Convert protobuf message definitions to XSD Schema

comments

What if you have HTTP API based on protocol buffers and you want to add XML support to the API? You'd like to have one source of truth and you already have much of protocol buffer message definitions? You have unwanted option to write XSD Schema manually which is error-prone. Here I'll show how you can automate XSD schema generation from existing protocol buffers message definitions.

First step is to parse protocol buffer message definitions to more convenient format for processing.

Fortunately, protoc compiler has switch --descriptor_set_out=FILE which writes a FileDescriptorSet (a protocol buffer, defined in descriptor.proto) containing all of the input files to file.

FileDescriptorSet will contains all parsed message definitions in structured way. But protocol buffer is not very convenient format for processing. We can translate it to XML. As C# developer, I can:

With XML representation of protocol buffer message definitions we have all the possibilities of XSLT transformations.

All this stuff has already implemented in great protobuf-net's utiltiy, called protogen. Unfortunately, this utility is out of support, but you can find it included into protobuf-net v1.0.0.280 nuget package. You can download this package, you'll find protogen in tools subdirectory.
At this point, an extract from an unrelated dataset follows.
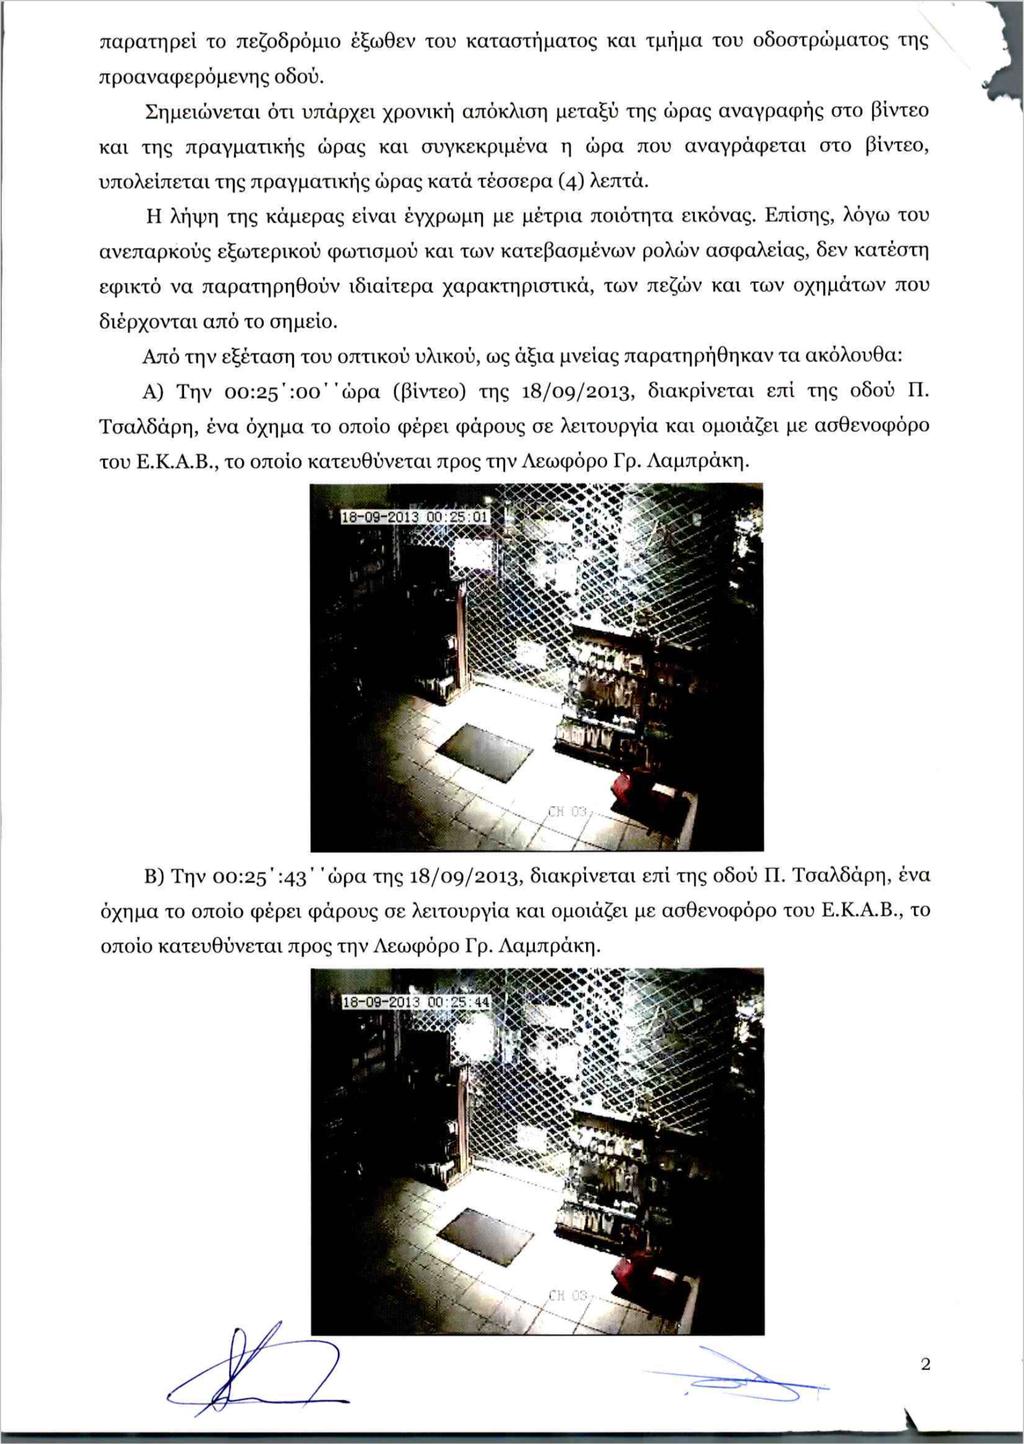 Απόσπασμα από την Έκθεση Εξέτασης Οπτικής Παρατήρησης Βιντεοληπτικού Υλικού της Αντιτρομοκρατικής Υπηρεσίας της Αστυνομίας, που εξετάζει

If you want to receive XML-view of protocol buffer message definitions, call protogen with xml.xslt like:

protogen -i:descriptor.proto -o:descriptor.xml -t:xml -d

The output file will looks like:

<FileDescriptorSet xmlns:xsi="http://www.w3.org/2001/XMLSchema-instance" xmlns:xsd="http://www.w3.org/2001/XMLSchema">
  <file>
    <FileDescriptorProto>
      <name>descriptor.proto</name>
      <package>google.protobuf</package>
      <dependency />
      <message_type>
        <DescriptorProto>
          <name>FileDescriptorSet</name>
          <field>
            <FieldDescriptorProto>
              <name>file</name>
              <number>1</number>
              <label>LABEL_REPEATED</label>
              <type>TYPE_MESSAGE</type>
              <type_name>.google.protobuf.FileDescriptorProto</type_name>
            </FieldDescriptorProto>
          </field>
          <extension />
          <nested_type />
          <enum_type />
          <extension_range />
        </DescriptorProto>
        <DescriptorProto>
          <name>FileDescriptorProto</name>
          <field>
            <FieldDescriptorProto>
              <name>name</name>
              <number>1</number>
              <type>TYPE_STRING</type>
            </FieldDescriptorProto>
            <FieldDescriptorProto>
              <name>package</name>
              <number>2</number>
              <type>TYPE_STRING</type>
            </FieldDescriptorProto>
            <FieldDescriptorProto>
              <name>dependency</name>
              <number>3</number>
              <label>LABEL_REPEATED</label>
              <type>TYPE_STRING</type>
            </FieldDescriptorProto>
            <FieldDescriptorProto>
              <name>message_type</name>
              <number>4</number>
              <label>LABEL_REPEATED</label>
              <type>TYPE_MESSAGE</type>
              <type_name>.google.protobuf.DescriptorProto</type_name>
            </FieldDescriptorProto>
            <FieldDescriptorProto>
              <name>enum_type</name>
              <number>5</number>
              <label>LABEL_REPEATED</label>
              <type>TYPE_MESSAGE</type>
              <type_name>.google.protobuf.EnumDescriptorProto</type_name>
            </FieldDescriptorProto>
            <FieldDescriptorProto>
              <name>service</name>
              <number>6</number>
              <label>LABEL_REPEATED</label>
              <type>TYPE_MESSAGE</type>
              <type_name>.google.protobuf.ServiceDescriptorProto</type_name>
            </FieldDescriptorProto>
            <FieldDescriptorProto>
              <name>extension</name>
              <number>7</number>
              <label>LABEL_REPEATED</label>
              <type>TYPE_MESSAGE</type>
              <type_name>.google.protobuf.FieldDescriptorProto</type_name>
            </FieldDescriptorProto>
            <FieldDescriptorProto>
              <name>options</name>
              <number>8</number>
              <type>TYPE_MESSAGE</type>
              <type_name>.google.protobuf.FileOptions</type_name>
            </FieldDescriptorProto>
            <FieldDescriptorProto>
              <name>source_code_info</name>
              <number>9</number>
              <type>TYPE_MESSAGE</type>
              <type_name>.google.protobuf.SourceCodeInfo</type_name>
            </FieldDescriptorProto>
          </field>
          <extension />
          <nested_type />
          <enum_type />
          <extension_range />
        </DescriptorProto>

        ...

      </message_type>
    </FileDescriptorProto>
  </file>
</FileDescriptorSet>

This mechanism is fully extensible: you can write custom XSLT transformation and execute it with -t:<transformation> switch. Thanks to Marc Gravell!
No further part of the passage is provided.